(Task brief) A verbatim transcript of the data that follows, free of images, is the expected result.

(Provided material)
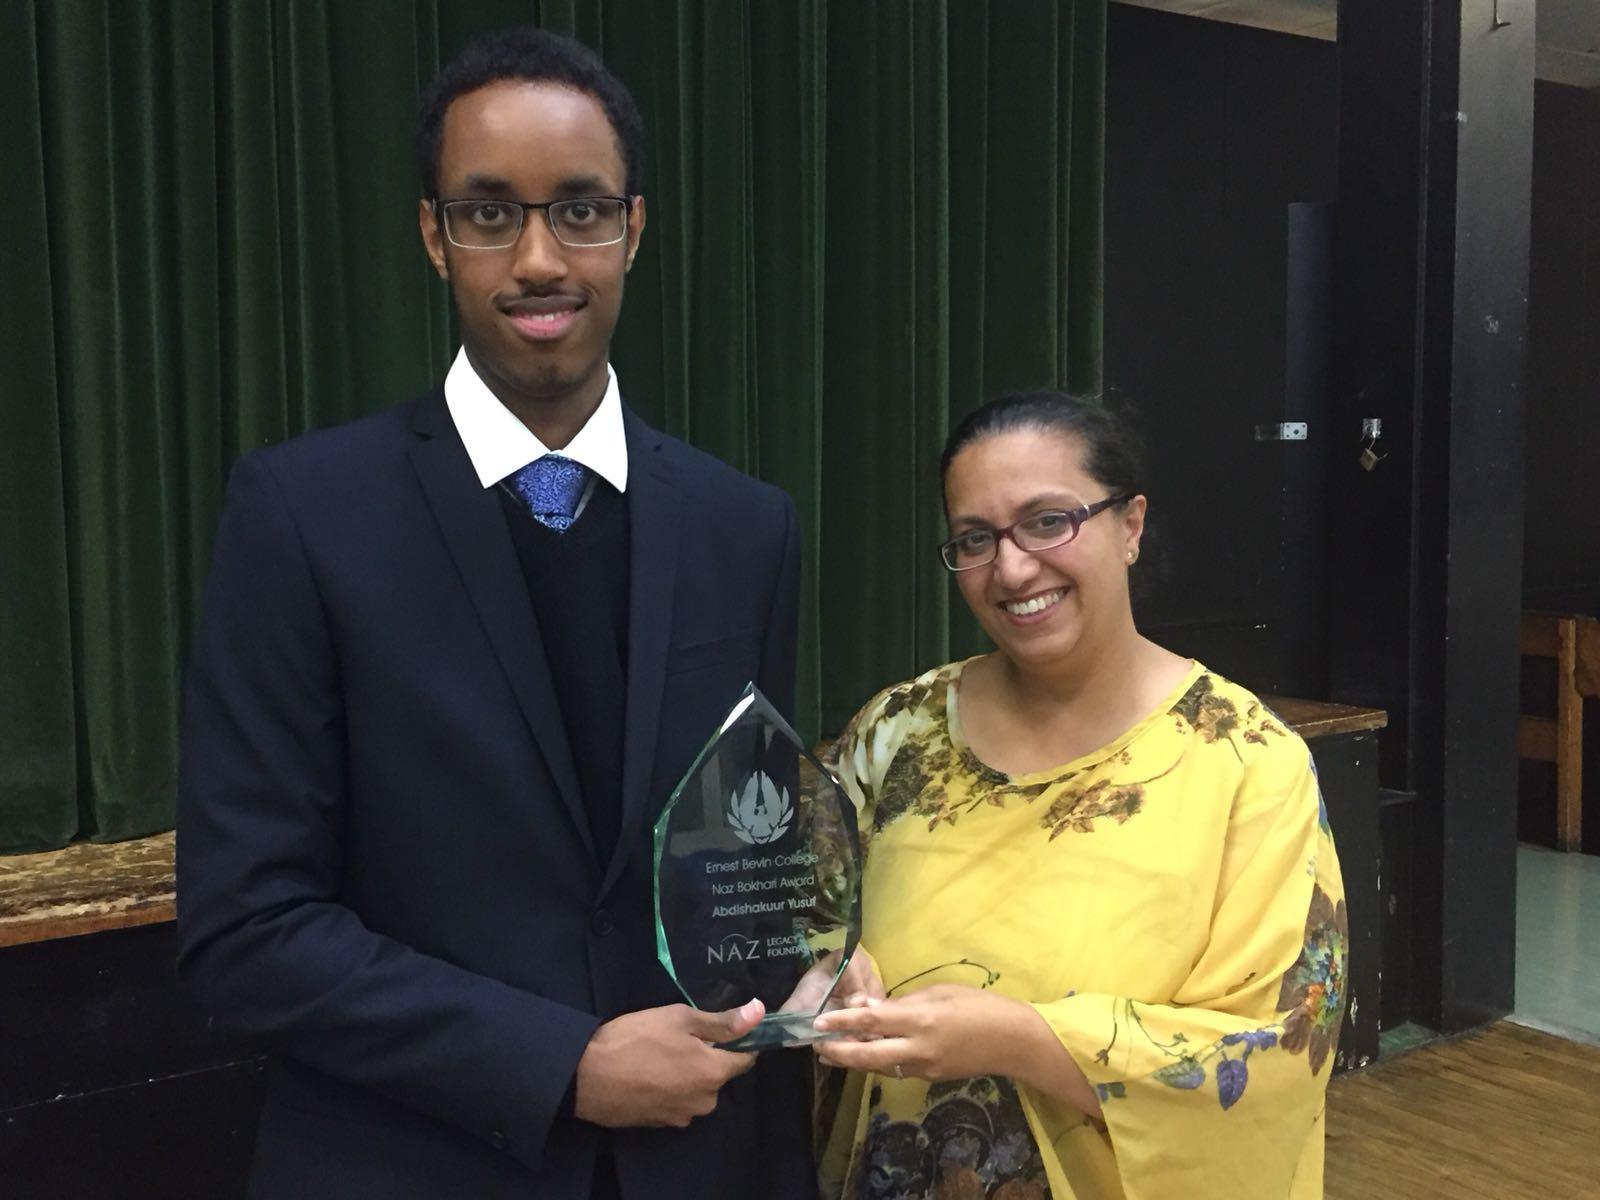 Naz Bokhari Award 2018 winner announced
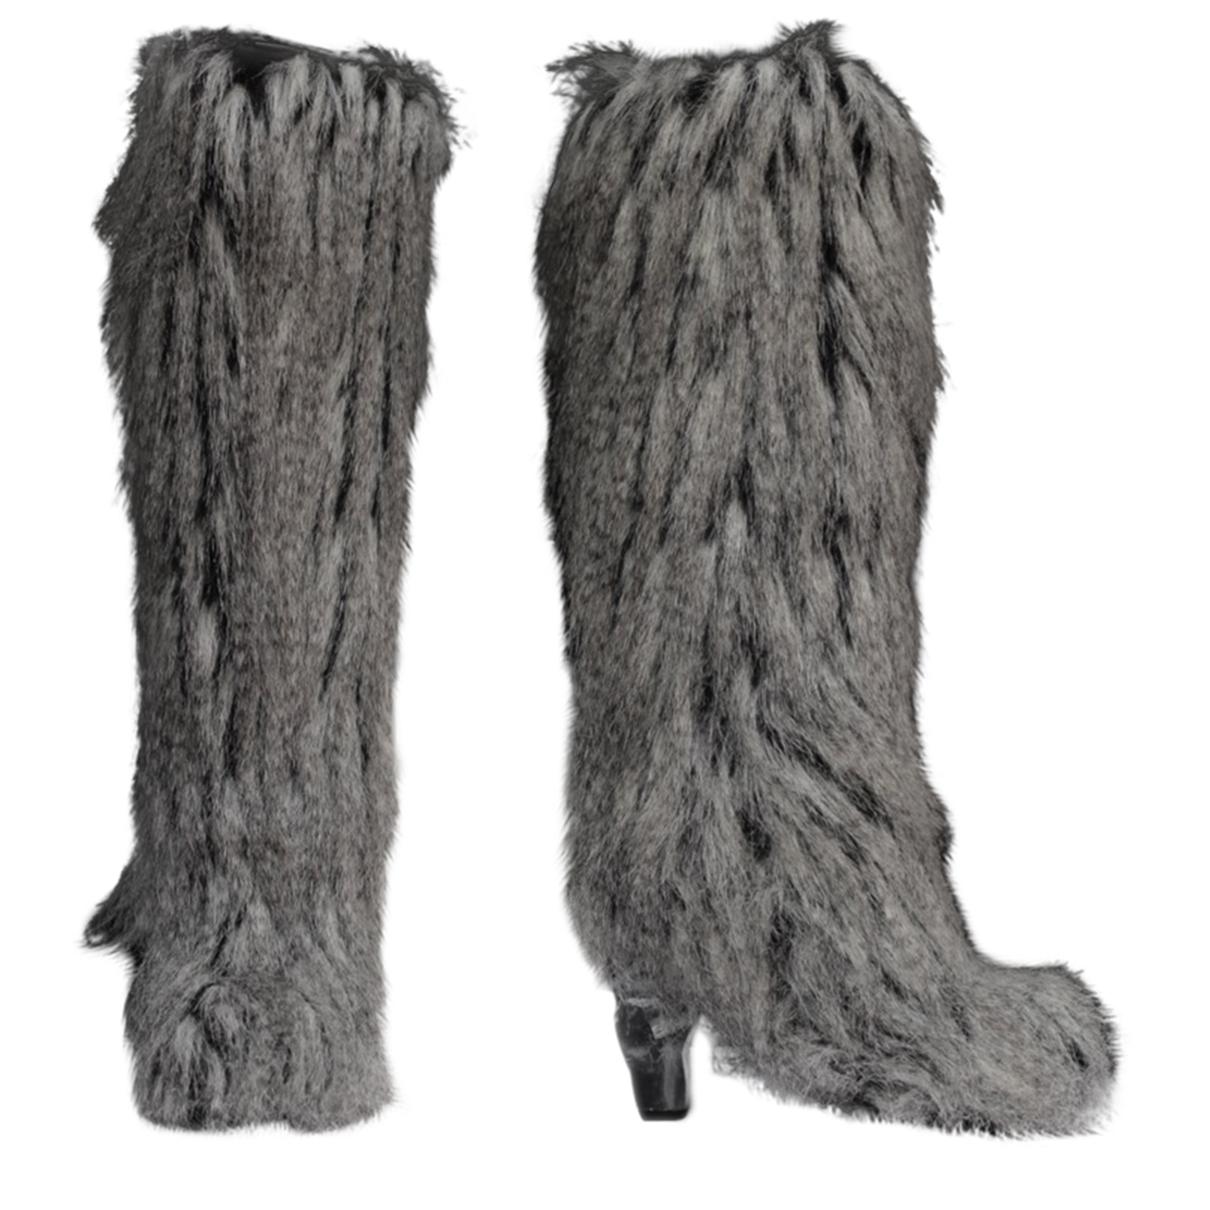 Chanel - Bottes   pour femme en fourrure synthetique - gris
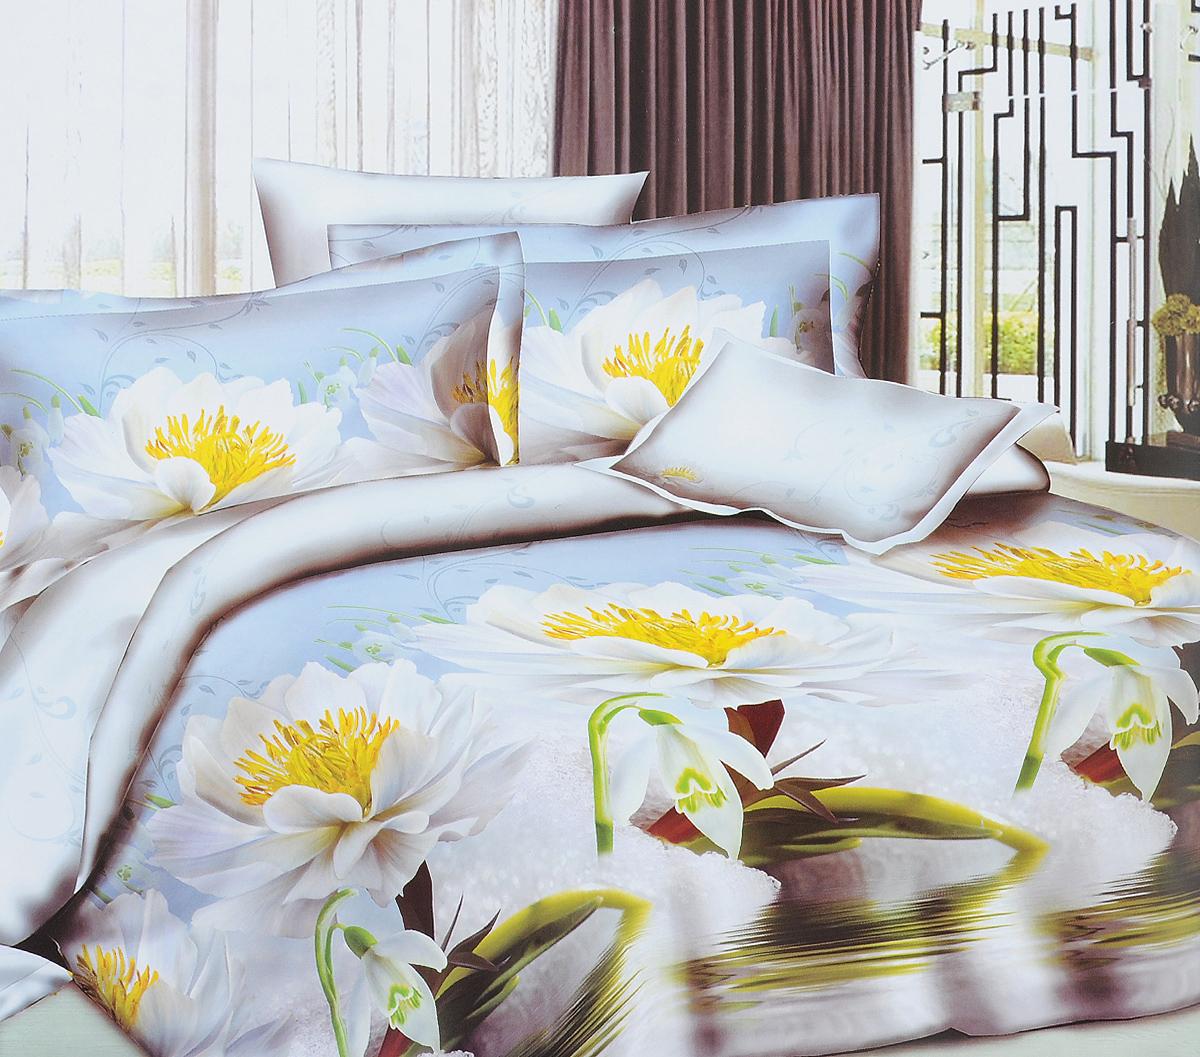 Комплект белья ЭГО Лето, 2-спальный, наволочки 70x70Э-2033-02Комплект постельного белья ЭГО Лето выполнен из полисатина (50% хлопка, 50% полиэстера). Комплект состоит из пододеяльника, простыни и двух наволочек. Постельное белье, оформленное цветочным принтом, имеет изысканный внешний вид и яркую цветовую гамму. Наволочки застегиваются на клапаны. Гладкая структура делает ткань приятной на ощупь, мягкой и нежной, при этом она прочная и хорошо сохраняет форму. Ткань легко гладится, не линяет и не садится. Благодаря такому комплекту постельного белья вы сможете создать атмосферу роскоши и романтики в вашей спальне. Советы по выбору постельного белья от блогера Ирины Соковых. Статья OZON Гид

(Reply to the exercise)
 Naz Bokhari Award 2018 winner announced
 Chanel - Bottes   pour femme en fourrure synthetique - gris
 Комплект белья ЭГО Лето, 2-спальный, наволочки 70x70Э-2033-02Комплект постельного белья ЭГО Лето выполнен из полисатина (50% хлопка, 50% полиэстера). Комплект состоит из пододеяльника, простыни и двух наволочек. Постельное белье, оформленное цветочным принтом, имеет изысканный внешний вид и яркую цветовую гамму. Наволочки застегиваются на клапаны. Гладкая структура делает ткань приятной на ощупь, мягкой и нежной, при этом она прочная и хорошо сохраняет форму. Ткань легко гладится, не линяет и не садится. Благодаря такому комплекту постельного белья вы сможете создать атмосферу роскоши и романтики в вашей спальне. Советы по выбору постельного белья от блогера Ирины Соковых. Статья OZON Гид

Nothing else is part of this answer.